Праздник Иванова дня
Шрифт:
На всех выборных должностях — и больших и малых — странным образом стали сменяться люди. Человек, которого прежде избрали сограждане, получал предупреждение — тайный знак — от кротов; если он его не понимал или упорствовал, стоял на своем, то вдруг выяснялось, что у него больше нет ни друзей, ни избирателей. И он неизбежно слетал со своего поста, не успев даже разобраться, что, собственно, произошло. И как только где-нибудь оказывалось свободное кресло или даже стул, его тотчас же занимал крот.
Особенно легко было Крусе контролировать политическую жизнь, так как в ее рыхлой почве работа кротов спорилась и быстро подвигалась. Каждый день приносил известия о новых изменах, отступничестве, предательстве, и все эти преступления свершались с хладнокровием, доселе невиданным. Старые друзья, которые были тесно связаны друг с другом, в одно прекрасное утро порывали отношения, а общество и партии, существовавшие годами, распадались и распускались, причем одни люди вдруг заявляли другим, что вынуждены предать их, ибо те — неверующие.
А если эти другие приставали с вопросами, требовали более пространных объяснений, заклинали честью одуматься во имя верности и дружбы, то ответом на эти трепетные слова была лишь спокойная усмешка, которая яснее всяких доводов говорила: бог у нас в кармане!
Более удобного христианства и придумать было нельзя. Но тем самым движение пастора Крусе не будило души, а, наоборот, усыпляло их, и в тишине этого уютного сна беззастенчиво процветали трусость и властолюбие.
И в этой духовной отраве немногие честные христиане барахтались, как редкостные рыбы в мутной воде.
Власть пастора Крусе все возрастала и, словно кошмар, давила страну.
А священники?
Они вели себя как обычно: в своей среде говорили о нем с ненавистью, с озлоблением, но перед лицом внешнего мира держались все заодно, выступали в братском единении.
Некоторые священники примкнули, правда, к движению пастора Крусе и пытались, как умели, ему подражать. Но большинство было настроено подозрительно, а многие просто негодовали — этот выскочка загребал так много, что пожертвования на церковь по всей стране сильно уменьшились.
Однако никто не решался выступить и сказать хоть слово против пастора Крусе.
А ведь среди священников были люди высокого ума, люди ученые и мужественные. И у каждого из них на столе лежала книга, которая могла быть критерием для оценки деятельности пастора Крусе.

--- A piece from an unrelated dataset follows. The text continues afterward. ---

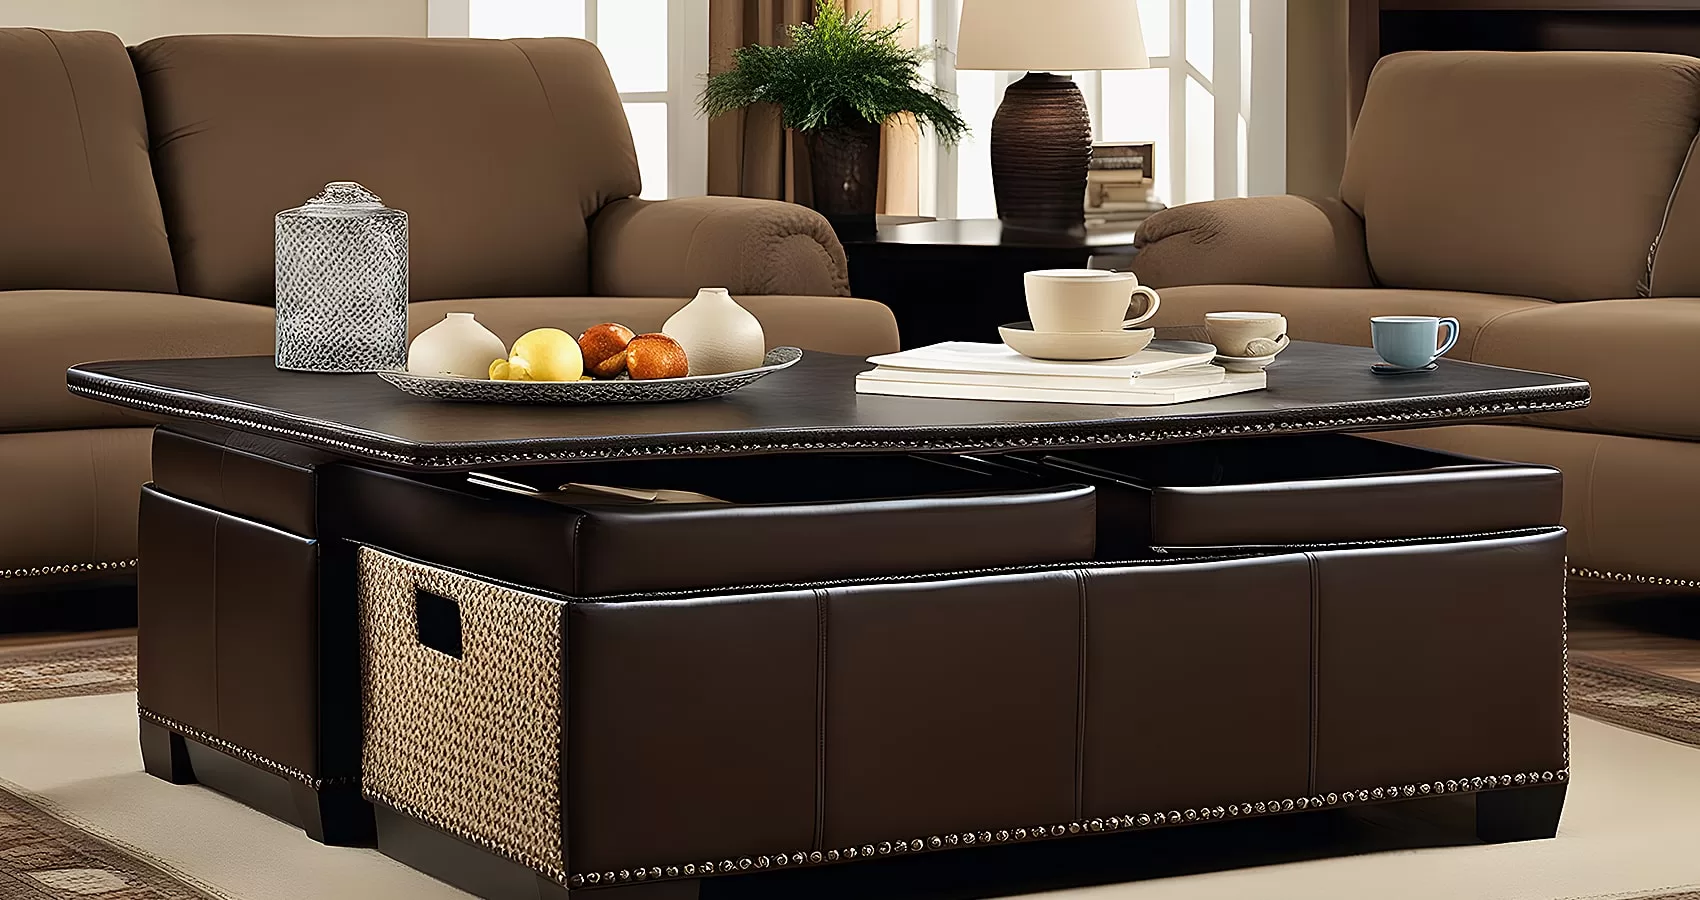 Ottoman coffee table with storage

Им достаточно было бы почитать Новый завет и сравнить милосердное учение Христа с деятельностью пастора Крусе, захватывающего все большую власть и диктующего обществу свою волю, — и для них стало бы очевидным, что такими путями нельзя приобрести весь мир, не повредя душе своей.
Но никто не решался сказать первым: «А король-то голый». К тому же в эти тяжелые дни надо было не разоблачать, а поддерживать друг друга. А кроме того, смотрите, сколько народу идет за ним! Нет, нет! Надо проявить большую терпимость к этому брату во Христе, причиняющему столько хлопот.
Никому не возбранялось читать проповеди о лицемерии, с кафедры очень удобно поучать и обличать, а мир ведь и в самом деле полон лицемерия. Надо было только строго следить за тем, чтобы не обвинить в тяжком грехе лицемерия кого-нибудь лично.
И если находился человек, который не мог больше сдерживаться и, вытащив из толпы за шиворот одного из худших лицемеров, подымал его так, чтобы все видели, и кричал: «Глядите, вот вам один из этих голубчиков», то остальные священники, сбегаясь со всех сторон, вопили:
— Нет, нет, нет, так не годится. Кто ты такой, что смеешь публично обличать других? Отпусти его скорее — одному господу богу дано право судить.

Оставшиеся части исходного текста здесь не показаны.